Пожирательница грехов
Это Джозеф, в бордовых домашних тапках со стоптанными задниками, с дырками на мысках, в замызганном грязно-желтом кардигане, от которого воняет дешевыми подвальными распродажами. Джозеф курит трубку, у него седеющие патлатые волосы, он говорит великолепно, четко, по-английски смакуя каждое слово.
– В Уэллсе, – говорит он, – в основном в деревнях, бытовал такой персонаж – Пожирательница грехов. Пожирательницу грехов призывали к умирающему человеку. Обитатели дома готовили блюдо и выставляли его на гроб. Конечно, гроб они уже приготовили: если уж они решили, что ты помираешь, выбора у тебя нет. По другой версии, блюдо ставили уже на умершего – свинячь сколько влезет. Ну и вот: Пожирательница грехов должна была все съесть, а за это ей приплачивали. Было такое поверье, что все грехи, накопленные умершим за всю жизнь, Пожирательница грехов принимает на себя.
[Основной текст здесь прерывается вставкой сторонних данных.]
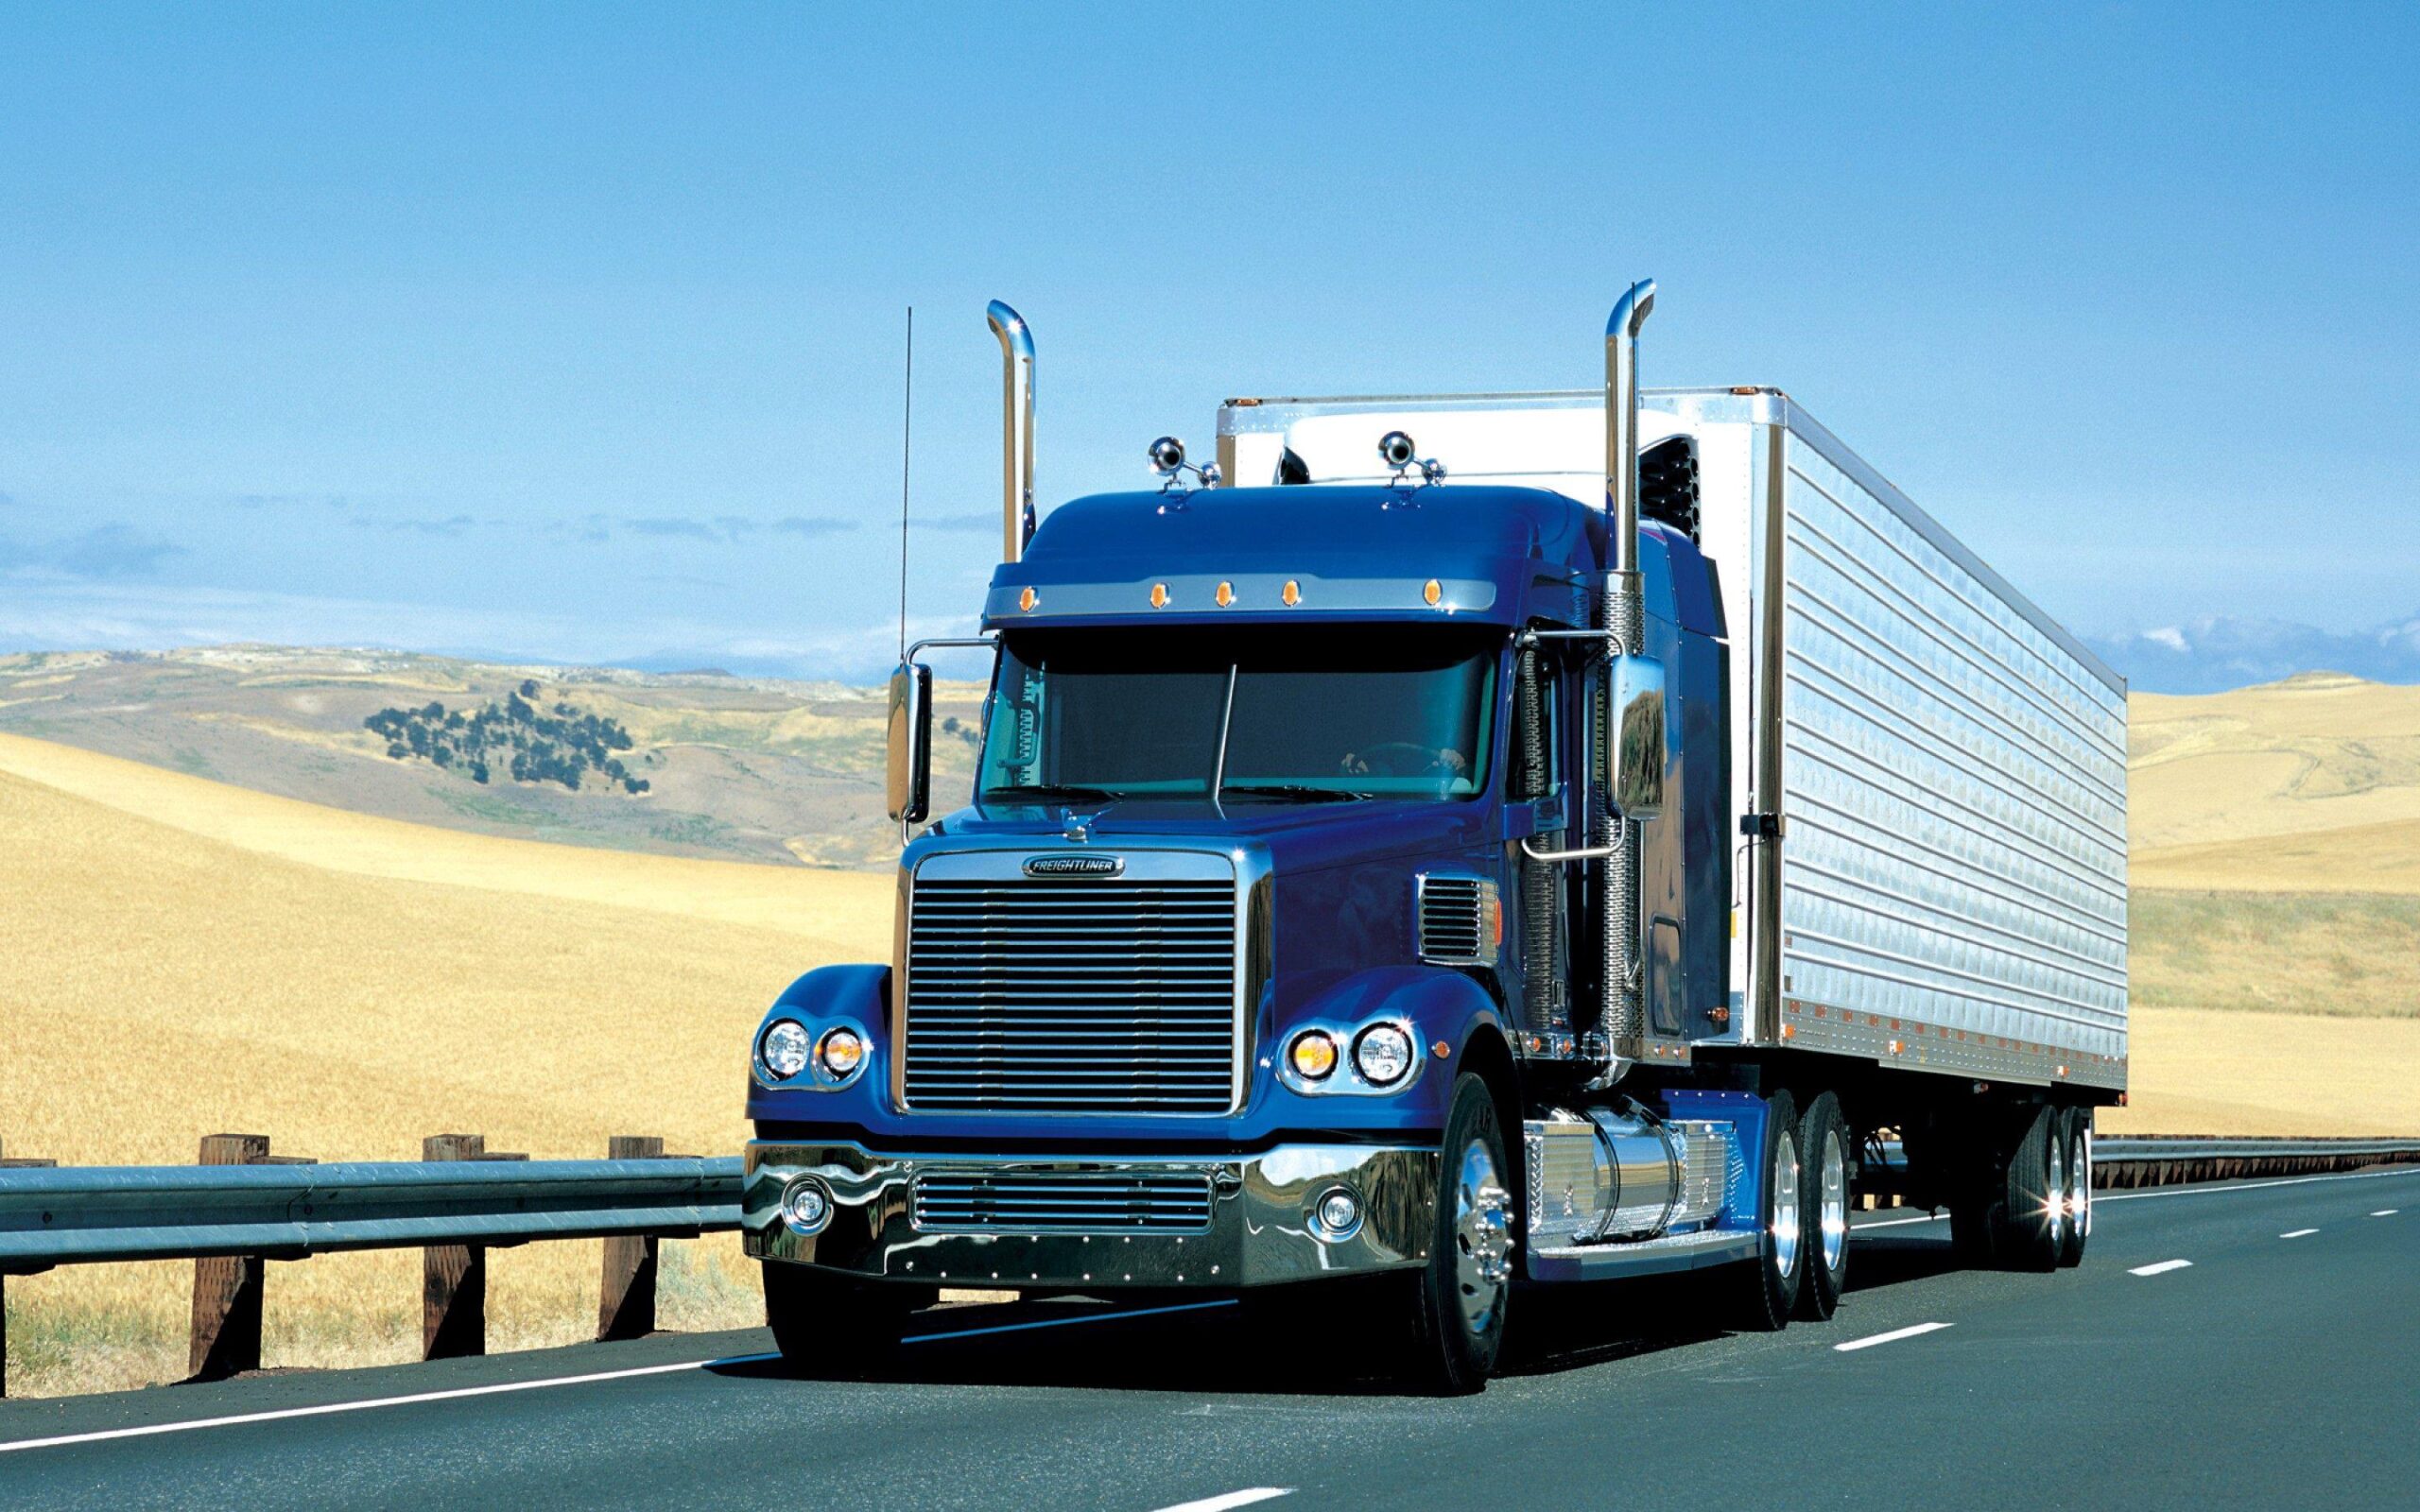 Affordable Truck and Trailer Finance and Lease Solutions

И Пожирательницу просто раздувало от чужих прегрешений. На ней столько было этих грехов, что никто не хотел с ней знаться: что-то вроде душевного сифилиса. С ней даже не разговаривали, а потом снова кто-то умирал, и ее снова звали откушать.
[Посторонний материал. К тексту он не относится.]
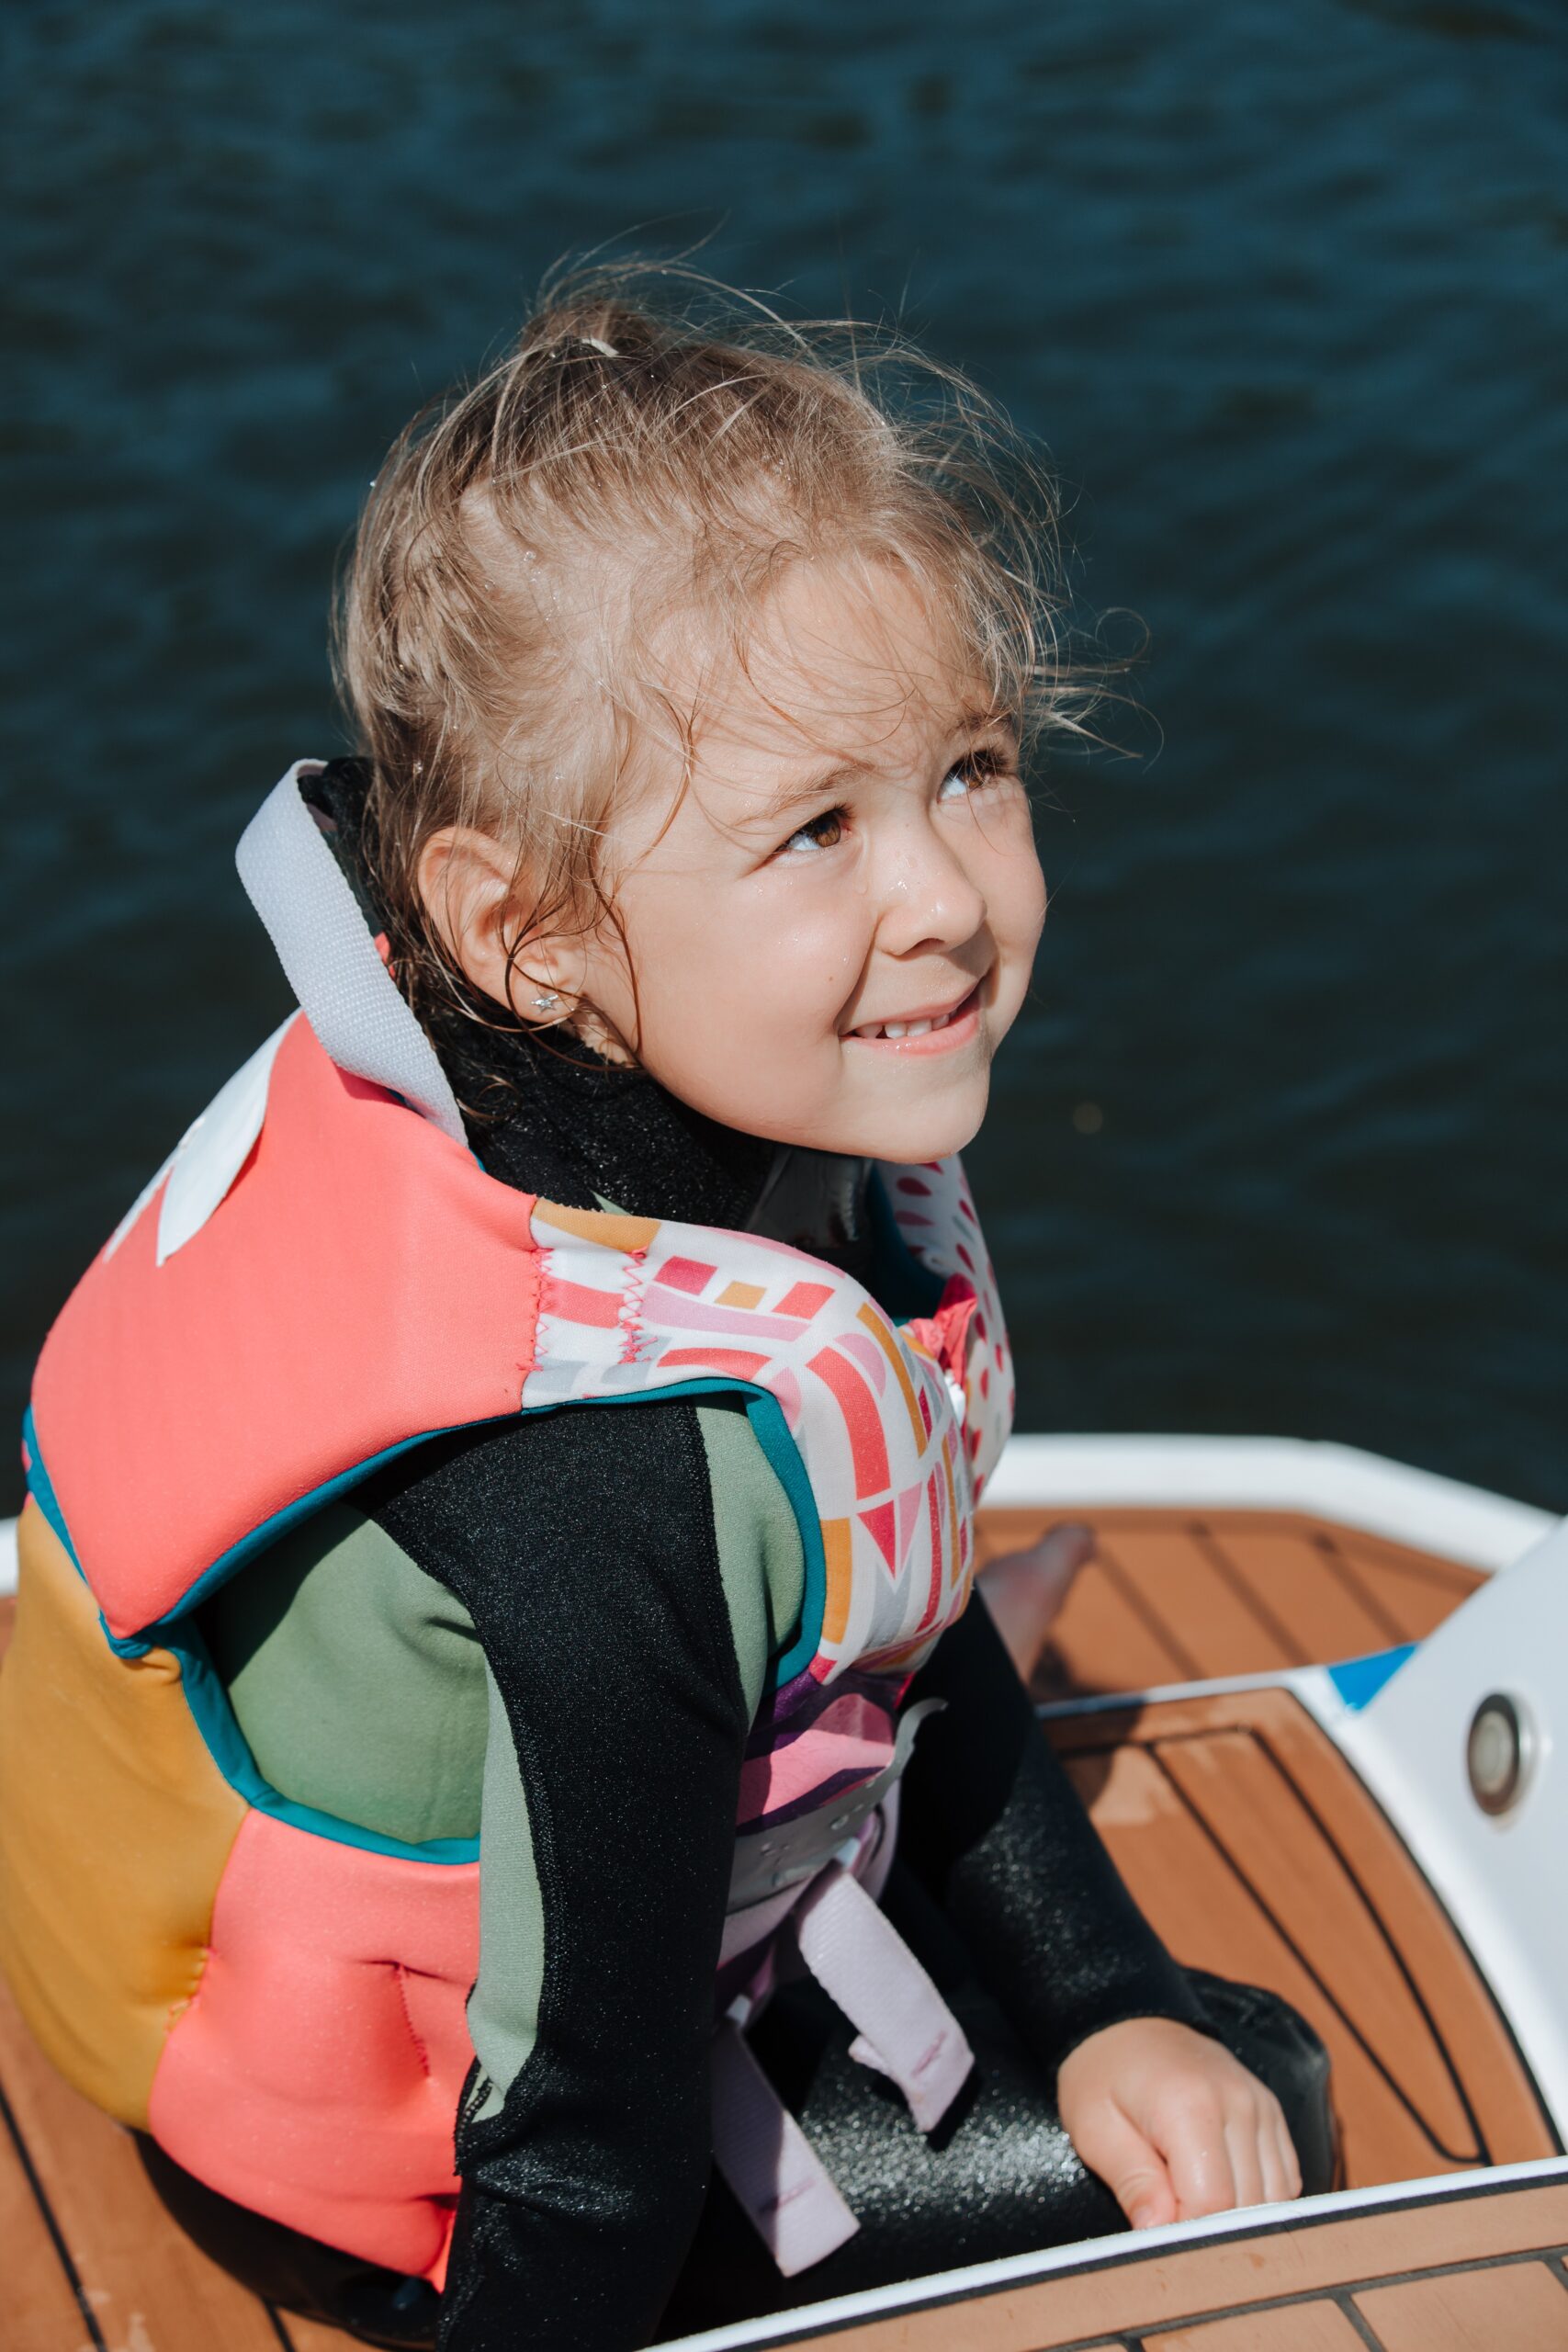 Young girl with a lifejacket, ready to go swimming.

– Почему именно Пожирательница? – спрашиваю я.
Джозеф улыбается: кривая улыбка обнажает зубы сбоку, в углу рта торчит трубка. Ироническая, волчья ухмылка, будто он сейчас тебя укусит. Как я подставилась на этот раз?
– Мне думается, это старуха, – говорит он, – хотя почему бы и мужчинам не быть пожирателями грехов. Не важно, лишь бы они пожирали грехи. Такие старые, убогие, еле душа в теле держится, как ты думаешь? Эдакая старческая духовная проституция.
Он смотрит на меня и ухмыляется, и я вспоминаю истории, которые я про него слыхала, про него и его женщин. Ну, для начала, у него было три жены, но у нас с ним ничего нет, хотя он как-то очень уж медленно помогает мне надеть пальто. А чего мне волноваться? Я не такая чтобы влюбчивая. Кроме того, ему под шестьдесят, и кардиган на нем действительно мрак, как сказали бы мои сыновья.
– Считалось, кстати, плохой приметой убивать пожирателя грехов, – говорит он. – Может, были и другие привилегии. Во всяком случае, я считаю, много можно сказать в его защиту.
Джозеф не из тех, кто будет сидеть и терпеливо ждать, пока ты разговоришься. Если ты не разговоришься, он тебя сам заговорит как миленький. А говорит он на самые скучные темы. Я наслушалась и про его клумбы, и про трех его жен, и про то, как он выращивает в подвале каллы. И про подвал я тоже наслушалась – могу уже экскурсии водить. Он говорит, его пациентам (он даже не называет их клиентами – к чему миндальничать) полезно понимать, что он, Джозеф, тоже из живого теста. Господи, нам ли не знать. Он будет говорить и говорить, пока до тебя не дойдет, что ты платишь ему не за то, чтобы слушать его говорильню про цветы, а за то, чтобы он выслушивал твою собственную говорильню.
Правда, иногда он дело говорит. Я подношу к губам чашку с кофе и думаю, что это, наверное, один из тех случаев.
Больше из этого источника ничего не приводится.